I met up with Mary Beard, Classics professor and blogger, doing duty as a guide for visitors. I asked for her three favourite pieces. She picked out a vase with the eponymous painting by the Pig Painter, now recognised as one of the painters of the 5th century Attic workshops, that possibly depicts Odysseus arriving home in Ithaca and meeting up with the swineherd Eumaeus. Another favourite was a drinking cup by the Nikosthenes painter, where the genitalia had been altered in the 18th century. Most such alterations were done to conceal the genitalia, but this one was the reverse. For some reason, the Attic vase painter had failed to paint in the usual details, so an 18th-century ‘improver’ had done it for him. However, the ink has since decayed, and now the alterations are all too blatant! For her third choice, Mary pointed out a dilapidated caryatid from Eleusis. It had stood in the middle of a dung heap until it was found by the explorer E D Clarke in 1801, who thought he had discovered the cult statue of the temple at Eleusis. The locals believed it brought them good luck and fertility but that it needed to be kept covered with dung if their fields were to prosper. Clarke finally succeeded in bringing it to Cambridge, where it was identified as, not a cult statue at all, but rather one of the sculptured architectural supports from the temple — and a rather battered one, at that.

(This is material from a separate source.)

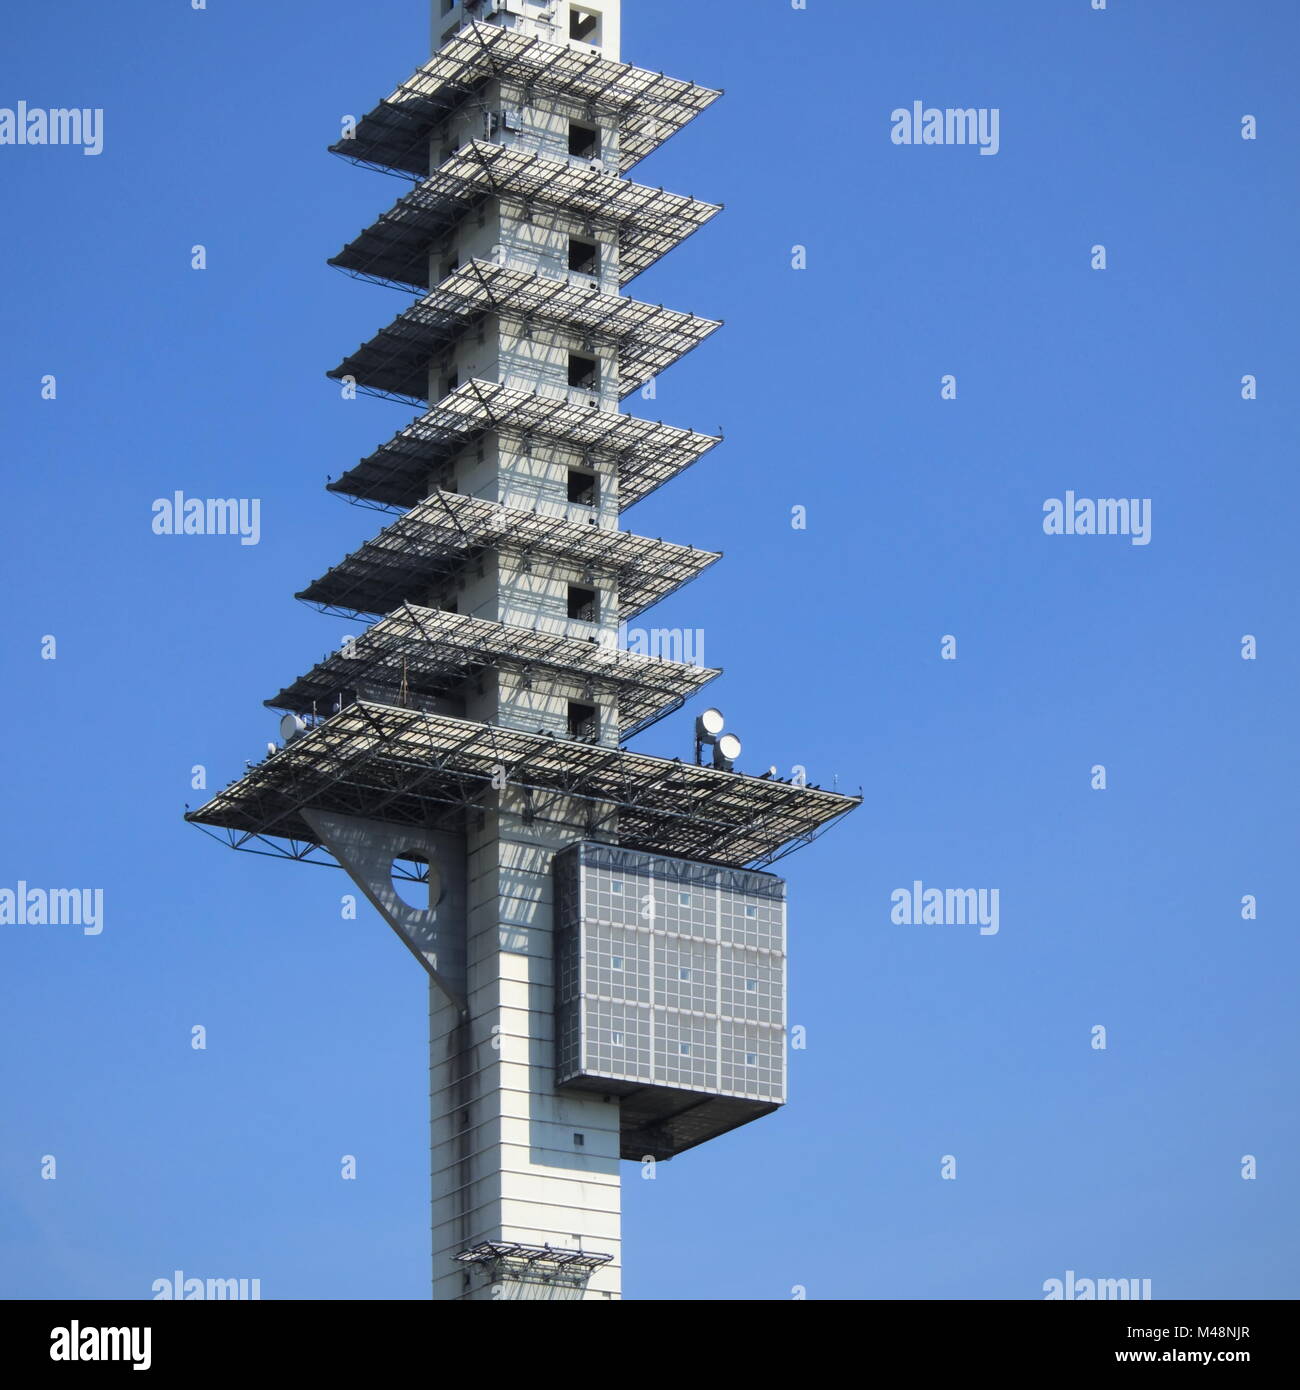 Hanover - Telecommunication tower Stock Photo

I also asked Lucilla Burn, the Keeper of Antiquities, for her favourite object and she pointed out a Roman ‘Swiss Army’ knife. I have never seen such an elaborate example. Admittedly, the blade was merely a rusted mass of iron but the rest was of silver and well preserved: it also had a spoon, a fork, a spike, a spatula and a tooth pick — though, alas, no instrument for taking the stones out of horses’ hooves. Then, to my delight, I also found a case devoted to finds from the temple of Artemis Orthia at Sparta. This was one of the most important excavations of the early 20th century, and uncovered a huge number of coarse lead figurines that had been offered to the goddess. They date to the 8th or 7th century BC, and provide evidence that at this time Sparta was a ‘normal’ Greek city with artistic talent equal to the best. It was only later in the 6th and 5th centuries BC that Sparta suddenly gave up its artistic bent and became a grim totalitarian state. I have very heretical idea about Sparta which you can find hidden away on www.civilisation.org.uk/Sparta, so I was very pleased to see some of the original pieces that support my heresy.

It is a nice collection, well displayed with good lighting, and set in a wonderful classical building. I decided that despite my prejudices, I quite liked the Fitzwilliam after all!